COLLECTED MATERIAL -
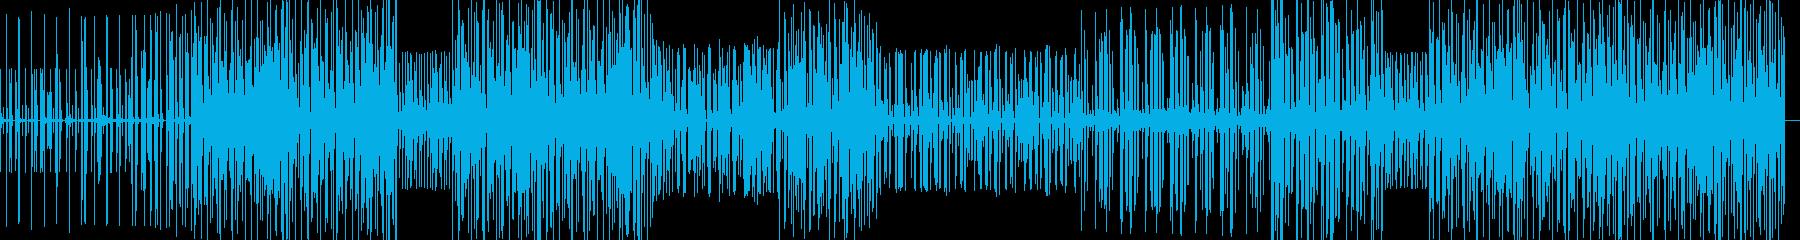 踊れるHIPHOPインストの再生済みの波形
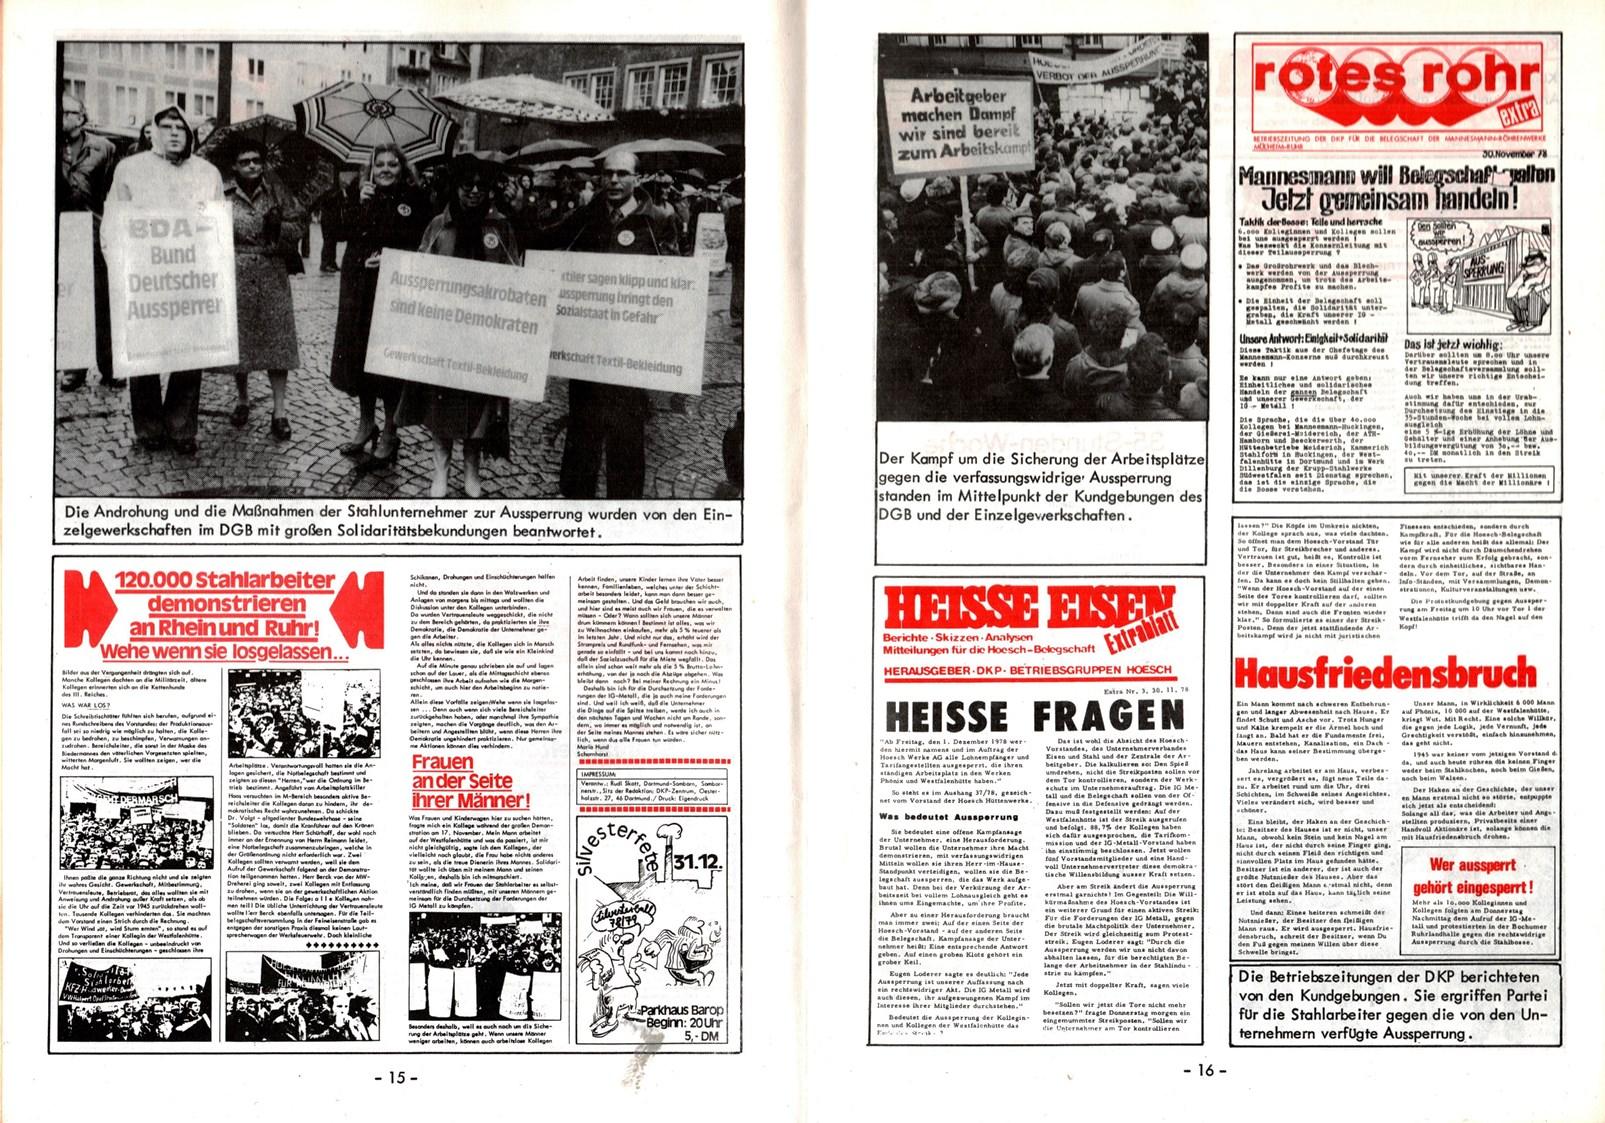 NRW_DKP_Stahlarbeiterstreik_1978_1979_009
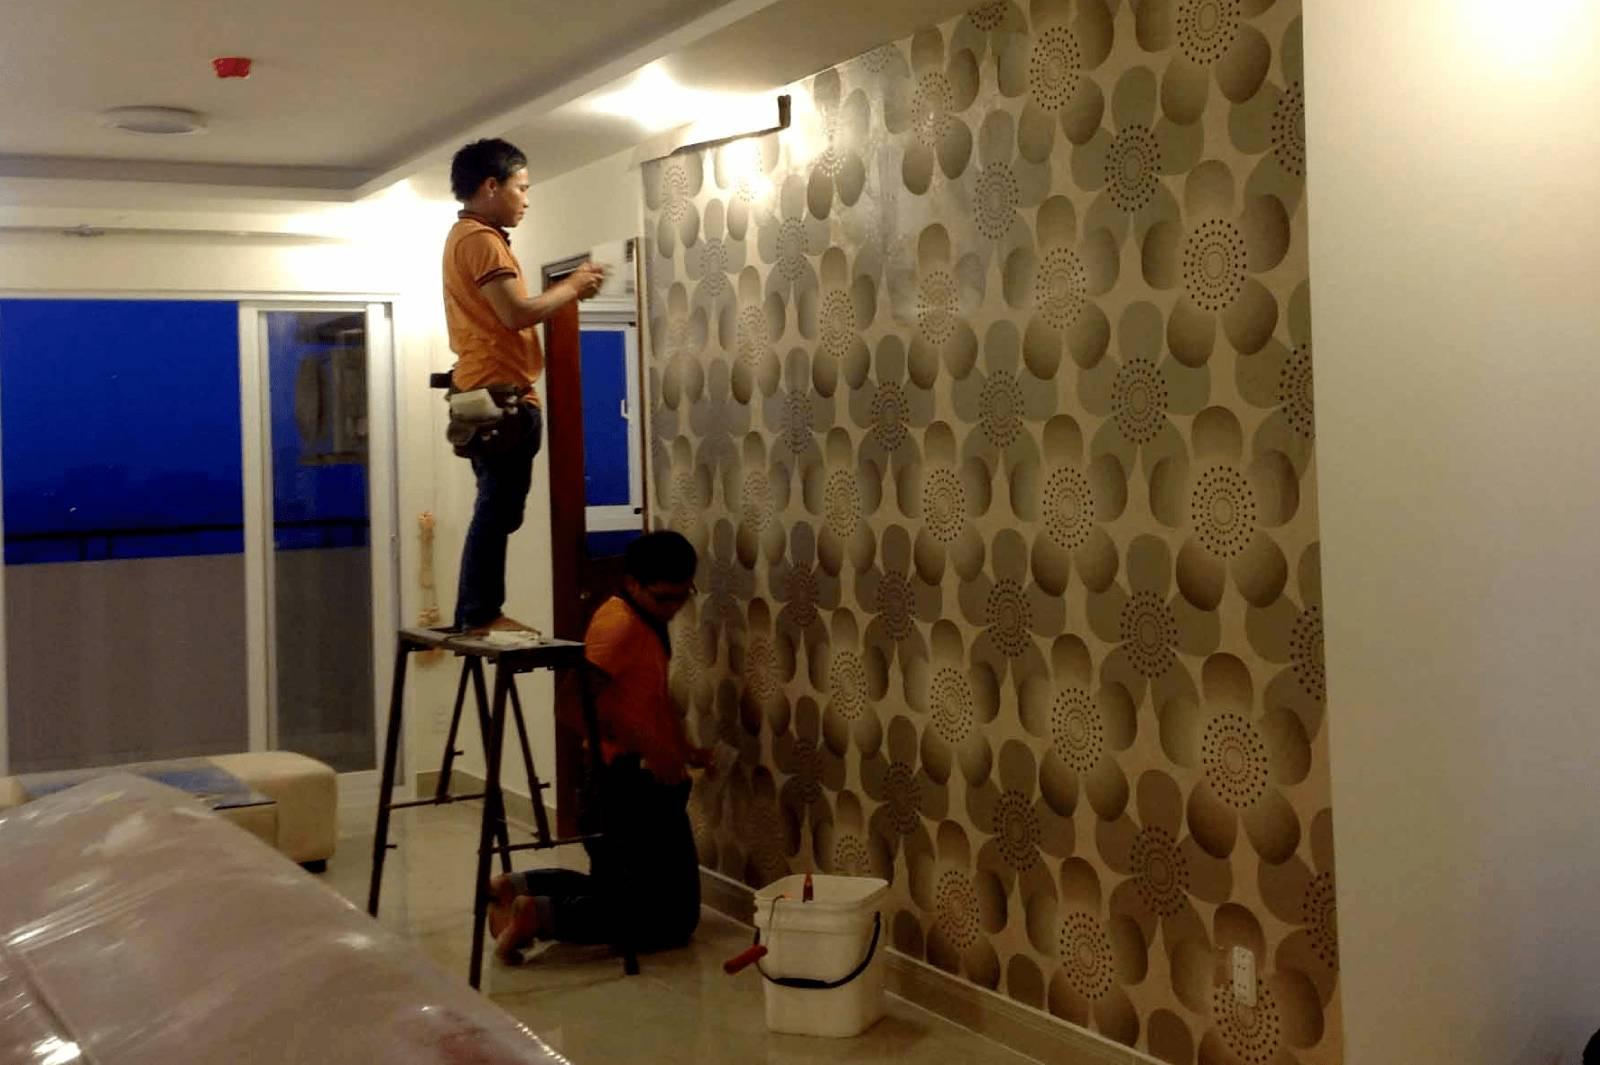 Thực hiện thi công nội thất cho không gian phòng ngủ có diện tích nhỏ

INSTRUCTIONS FOR THE TASK - Would you reproduce the listing above exactly, without any of its images?

THE ANSWER -
 踊れるHIPHOPインストの再生済みの波形
 NRW_DKP_Stahlarbeiterstreik_1978_1979_009
 Thực hiện thi công nội thất cho không gian phòng ngủ có diện tích nhỏ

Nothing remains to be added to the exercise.